Task to complete: Only the stretch below from the line holding "Modernist Brass Flush" through the line holding "This handblown Murano" should be restated, word for word and with both ends included; pictures stay out.

Exercise materials:
####

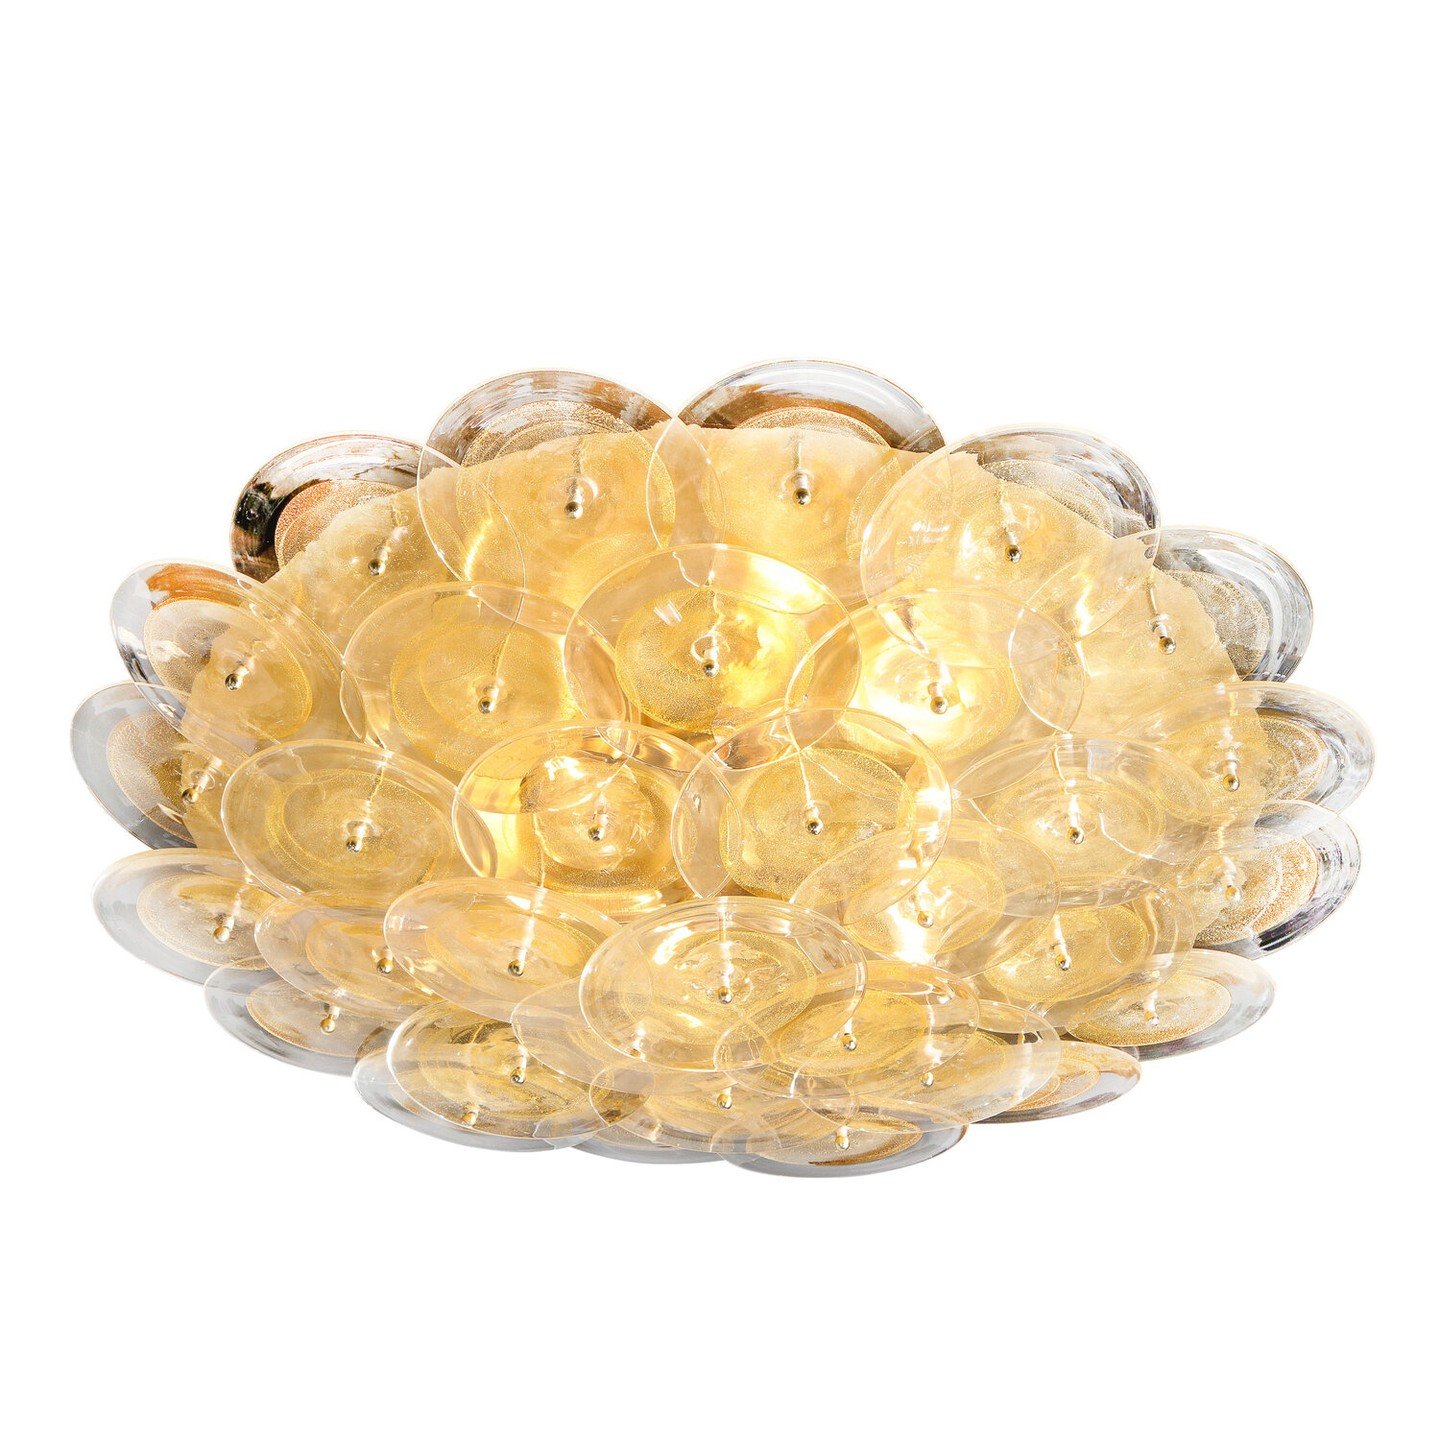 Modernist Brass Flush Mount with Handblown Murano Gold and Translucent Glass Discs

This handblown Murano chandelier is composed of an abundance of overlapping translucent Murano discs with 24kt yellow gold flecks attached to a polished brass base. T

####

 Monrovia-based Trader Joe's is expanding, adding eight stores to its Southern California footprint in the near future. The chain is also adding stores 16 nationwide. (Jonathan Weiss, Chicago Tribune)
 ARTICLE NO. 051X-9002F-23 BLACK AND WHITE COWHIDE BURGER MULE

####

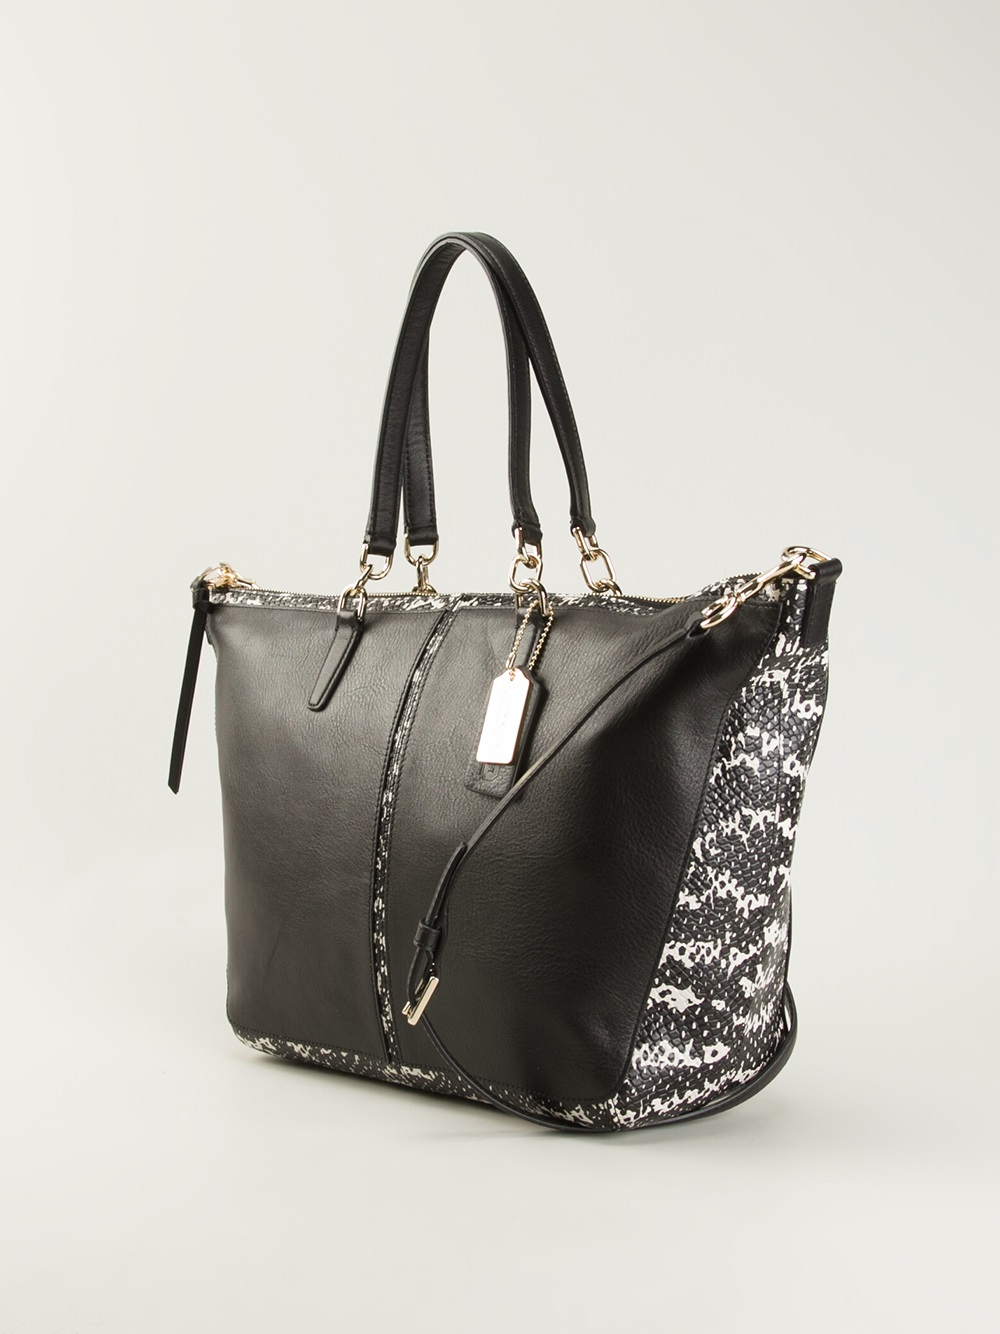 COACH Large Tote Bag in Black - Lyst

####

Result below:
 Modernist Brass Flush Mount with Handblown Murano Gold and Translucent Glass Discs

This handblown Murano chandelier is composed of an abundance of overlapping translucent Murano discs with 24kt yellow gold flecks attached to a polished brass base. T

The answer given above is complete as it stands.